In the past decade, we’ve seen a shift in the structure of M&A transactions taking place. A decade ago, many hospital M&A transactions were focused on survival, with hospitals seeking a partner because they could no longer meet their communities’ healthcare needs. While survival is still top of mind for 43 percent of hospital leaders, there has been a move toward more balanced transactions, such as a co-membership model or instances where a health system obtains a minority, rather than a controlling majority, stake in a hospital. Hospitals seeking partnership also are obtaining relatively higher capital commitments and a pledge to develop more advanced clinical programs and services.

While hospital M&A has slowed down during the pandemic, the benefits of partnership, including access to scale, have become increasingly clear. Recent transactions demonstrate the value that hospital leaders gain when they approach M&A with an eye toward the commitments they wish to secure for their organization and the communities they serve.
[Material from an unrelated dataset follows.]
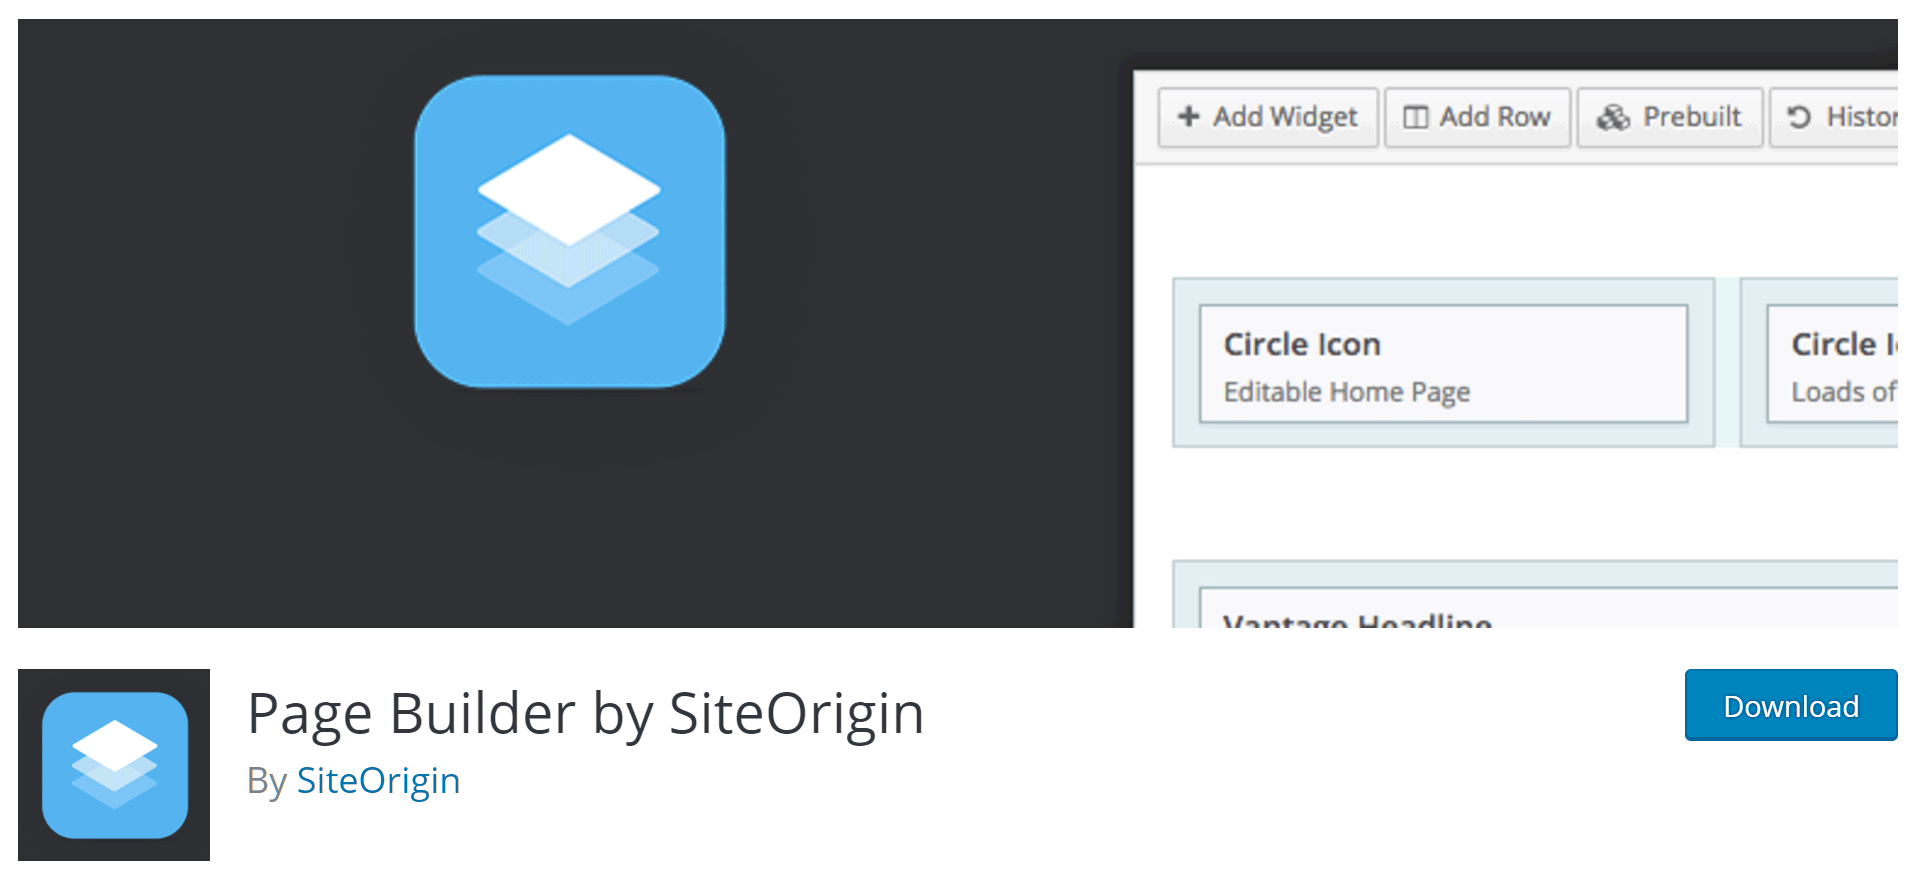 The SiteOrigin Page Builder Plugin

Consider the proposed deal between New Jersey not-for-profit systems CentraState Healthcare System and Atlantic Health System, a deal that is taking place even amid the pandemic. Earlier this year, about a month before the coronavirus emerged in the United States, these systems announced a clinical affiliation that will accelerate growth of CentraState’s neurosciences and oncology programs. Now, as Atlantic Health takes its strategic partnership with CentraState to the next level through a co-membership model, the letter of intent outlines the benefits CentraState will receive under the deal, such as:

  • Shared governance. Under the proposed deal, while Atlantic Health will become the majority corporate member of CentraState, both systems will hold seats on the CentraState governing board, and each will have specific rights and responsibilities.
  • Commitment to strengthen clinical services. The proposed deal includes a five-year plan for capital commitments that will strengthen CentraState’s clinical services, physician network and infrastructure

This balanced approach to hospital M&A is an example of where the industry was headed prior to the pandemic. It’s also a reminder to not-for-profit hospitals and health systems that such arrangements are still possible, even during COVID-19.

“People are used to seeing just pure mergers where a large system acquires a smaller system. And that’s not what this is,” Atlantic Health System President and CEO Brian Gragnolati told HealthLeaders about the arrangement. “This is a new way of figuring out how to work with great healthcare organizations in a way that allows them to continue to stay laser-focused on the communities that they’re serving, but get the necessary support through this relationship, so that they can do an even better job than they’re already doing.”

What to Consider

As the dust settles from COVID-19, hospital leaders who anticipate that M&A will be part of their organization’s future can take steps toward a more balanced approach by keeping the following in mind.

Initiate discussions around capital commitment and shared governance early. This sets expectations for both sides from the start and ensures that leaders for both organizations are clear on priorities before a letter of intent is signed.

Determine your must-haves before discussions start. For example, if capital or service-expansion commitments are a priority for your organization, which commitments rank highest in priority? Which ones are nice-to-haves that your organization would be willing to give up to secure your highest-priority commitments?

Consider whether the organizations’ missions and cultures support a balanced approach. Taking a strategic approach to hospital M&A means assessing whether your organizations are culturally compatible. That’s especially true if your hospital seeks a balanced approach to M&A. Determine where cultural differences exist, and don’t shy away from discussions around how to overcome them.

In the case of CentraState and Atlantic Health, shared mission and values were crucial to pursuing a balanced approach to M&A. “Our organizations align in mutually beneficial ways, with the constant focus on a common culture of commitment to our patients, physicians and employees,” CentraState CEO John Gribbin told a local news outlet.